In what appears to be a major breakthrough, the government plans on issuing up to Rs300 billion worth of bonds in order to clear up the existing inter-corporate circular debt that has financially crippled the energy sector, even as it contemplates reforms to ensure that the problem never arises again.
Sources told The Express Tribune that the plan would be announced on Tuesday (tomorrow) after the special cabinet committee on the energy crisis holds a meeting with Prime Minister Yousaf Raza Gilani.
Under the plan, the government would create a company – a special purpose vehicle – that would absorb all the debts that have arisen in the energy sector as a result of the government’s inability to pay its promised subsidies on time. The SPV would then in turn issue bonds in order to finance those debts, which the government of Pakistan would then pay off over time.
Petroleum Minister Asim Hussain confirmed the details of the plan. “Funds will be generated through bonds to end the circular debt,” he said.
The use of long term bonds by the government is designed to ensure the payments remain minimal in what could be a Rs300 billion addition to the national debt. The use of the SPV appears to be an attempt by the government to make the transaction an “off-balance sheet” one, which would avoid showing a sudden jump in government liabilities.
In the meantime, the government appears to be moving towards energy sector reforms to ensure that the financial crisis does not happen again. The circular debt crisis had caused a dramatic reduction in production at power companies and refineries.
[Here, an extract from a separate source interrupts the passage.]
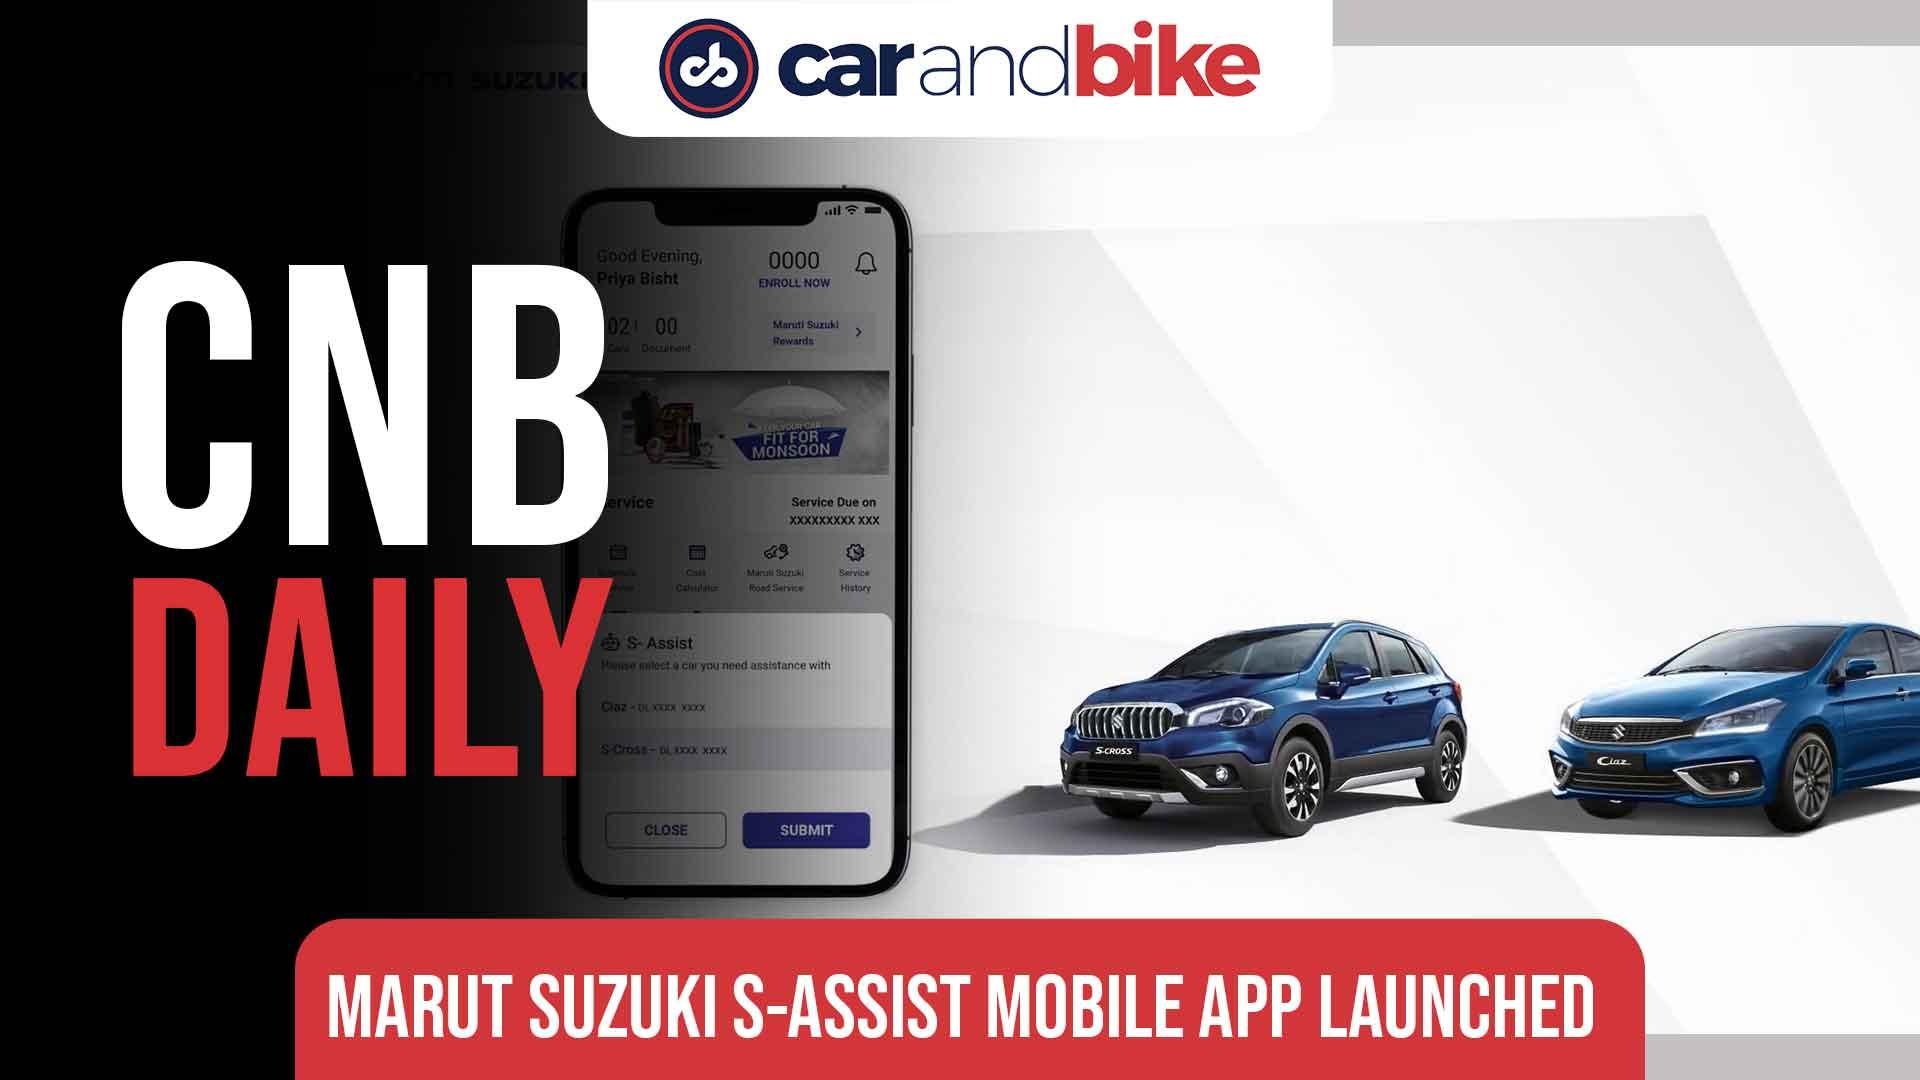 Maruti Suzuki launches S-Assist for Nexa customers

The government will seek to overcome the problem in the future by requiring oil marketing companies to buy petroleum from refineries using letters of credit, effectively providing a bank guarantee on all outstanding receivables and limiting them to the duration it takes to deliver the product. The same rule would apply to power companies paying oil marketing companies.
This measure has been a longstanding demand of Pakistan State Oil, the largest oil marketing company in the country and one of the biggest victims of the circular debt crisis. According to the latest available figures, PSO has outstanding receivables of Rs155 billion.
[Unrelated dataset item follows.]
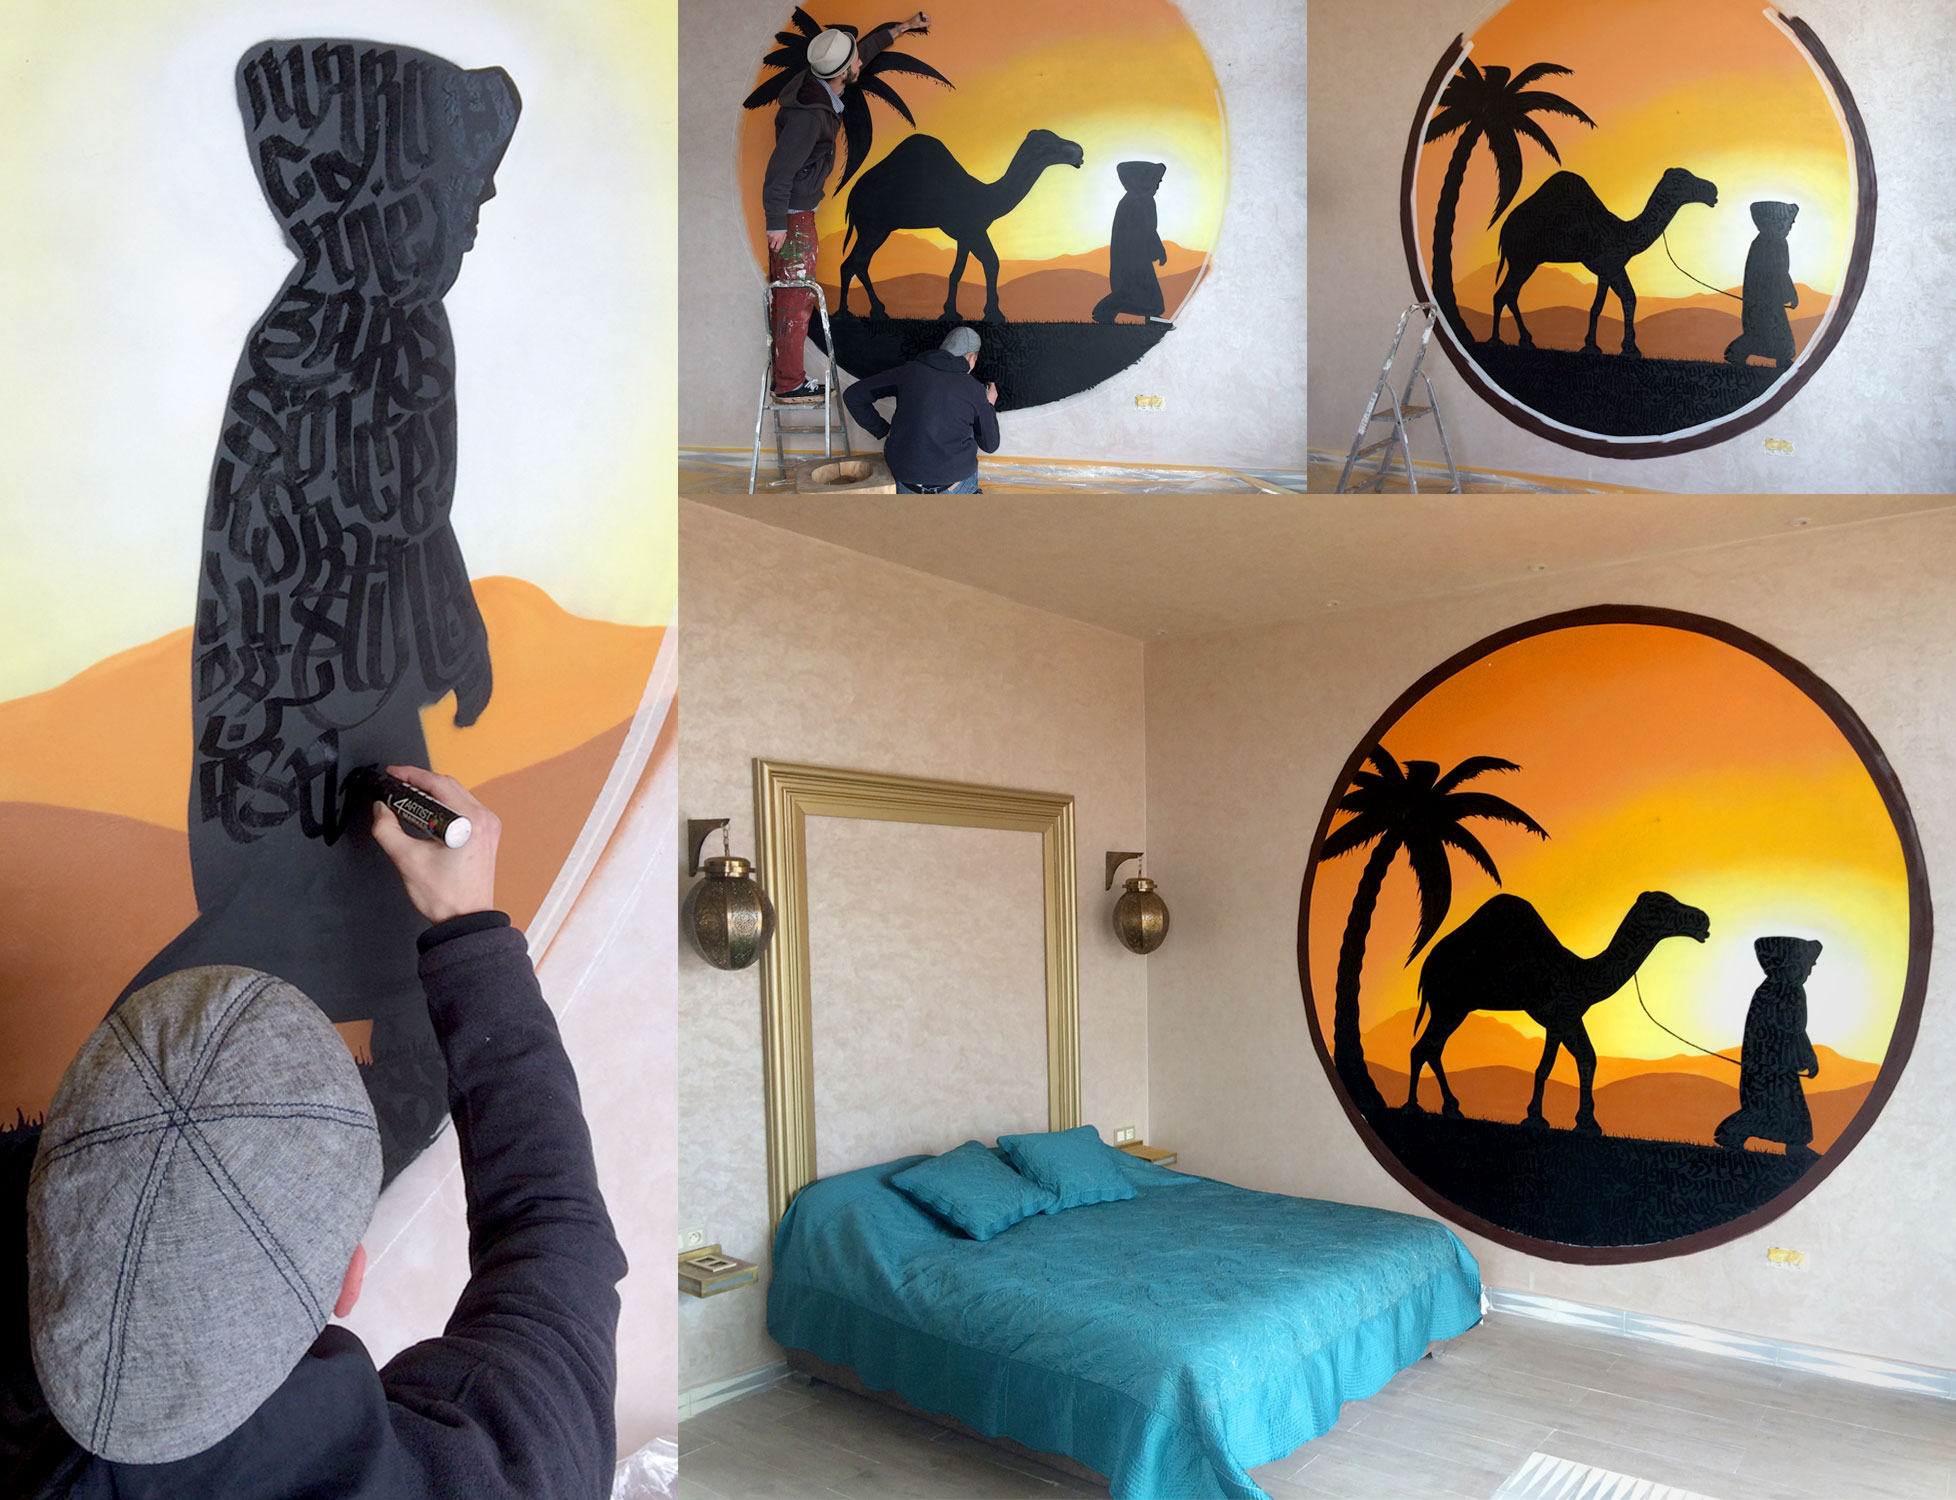 geograffeur-decoration-chambre-maroc-graffiti

Hussain confirmed these details and added that refineries that, after these reforms take hold, produce below peak capacity would be subject to a fine. Currently, refineries claim that the lack of payments by oil marketing companies results in them not being able to pay their international suppliers of crude oil and hence reduce their production capacity down to between 60% and 70%.
Yet while all of these measures would address the mechanics of how the circular debt crisis affected the energy sector, they do not address the source: unaffordable government subsidies on power. For that, the government has decided in principle to bring down its allocation of power sector subsidies to zero for the fiscal year ending June 30, 2013.
In the past four years, the government has spent over Rs1,000 billion on power sector subsidies, including Rs295 billion in fiscal 2011 alone.
Yet another problem has been the differential between the power tariffs that the National Electric Power Regulatory Authority has calculated and the ones the government actually allows power companies to charge. That difference is currently around 20%, which sources said, the government aims to close by the end of the year.
In the meantime, the government is expected to lose close to Rs337 billion in forgone revenues due to the inefficiency of the state-owned power generation companies as well as subsidies to the power sector.
Published in The Express Tribune, October 31st, 2011.